Taking in all of this information, feedback, and where I was with the project led me to think about the little poem that I had written. Questions about presentation (Sarah asked if a billboard would make sense, an idea I ended up borrowing) got me thinking about this poem. Who would have written a poem related to animals / animal crossings in the 1920s. Why would they have written it? If there is a scenario where someone would have written something like that, what else could be true about that person and the world in which they live? I wanted to connect the time period of the problem with the time period of our solutions, and I needed to present them in today’s world and context.

With three points in time to speak to, I decided to create one artifact for each period. Doing the visual research for the 1920s and 60s brought me to eBay. Spending time on the platform doing visual research, showed me a very natural place for these disparate items to co-exist. While I debated photoshopping the work to look like eBay pages, I felt it was easier and more interesting to just create the pages themselves. The idea of accidentally stumbling into a story felt similar to stumbling through the woods, and suddenly finding a path.

With the artifacts and eBay pages built, I got some additional feedback from Sarah and my partner, Mike. Both brought up interesting points for me to develop and clarify. I came to understand that there was a bit too much of a mystery. The objects were intentionally subtle in their abnormality and presentation.

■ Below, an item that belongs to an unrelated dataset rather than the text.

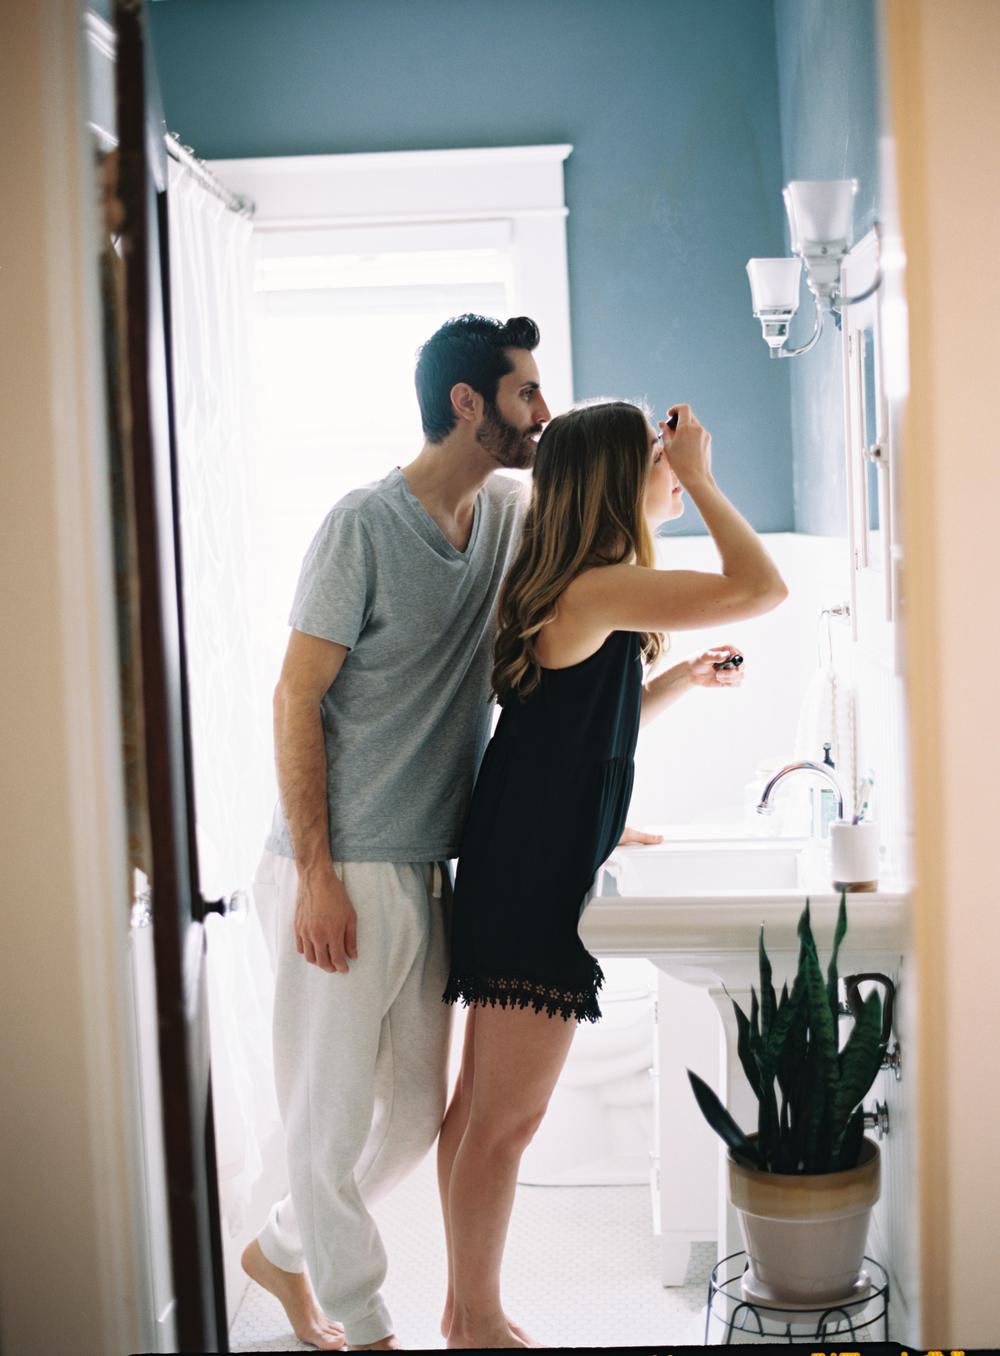 Bathroom_0004.jpg

You would have to an expert in multiple different fields to notice and appreciate why the objects were interesting. I came up with the idea of a podcast, which could serve as the viewers point of entry, and allow me to better express my particular point-of-view on the subject. At this point, I was full-on laughing about where this project was going, and it was joyful to let it continue to grow towards more ridiculousness.  

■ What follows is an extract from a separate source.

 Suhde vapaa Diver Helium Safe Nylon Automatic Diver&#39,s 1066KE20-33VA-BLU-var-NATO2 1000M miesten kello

After recruiting some family members to voice act, I was able to put together a fake trailer for a fake podcast about a fake mystery revolving around fake eBay listings for fake items from a fake version of our real world. When building out the assets for the podcast and trailer, there were some interesting opportunities to add to the developing narrative with episode notes, updates, and descriptors. In all of the moments, dealing with non-traditional forms was really fun and provided avenues to include more details and push the “reality” I was inventing even further.

User Questions

  • Did the mystery capture your attention?
  • Where you bothered by the levels of abstraction away from the topic?
  • If you had no context, what would you think the intention of the project was?
  • Did it make you laugh?
  • Were you drawn into the story?
  • Do you see a connection to the theme of “maintenance”

Questions About Making

  • How do you evaluate research-based artwork?
  • How do you appropriately credit the research, references, and influences when it’s about the collective information, rather than specific?
  • How do you know if you are making an actual connection or just talking yourself into seeing something in what you are doing?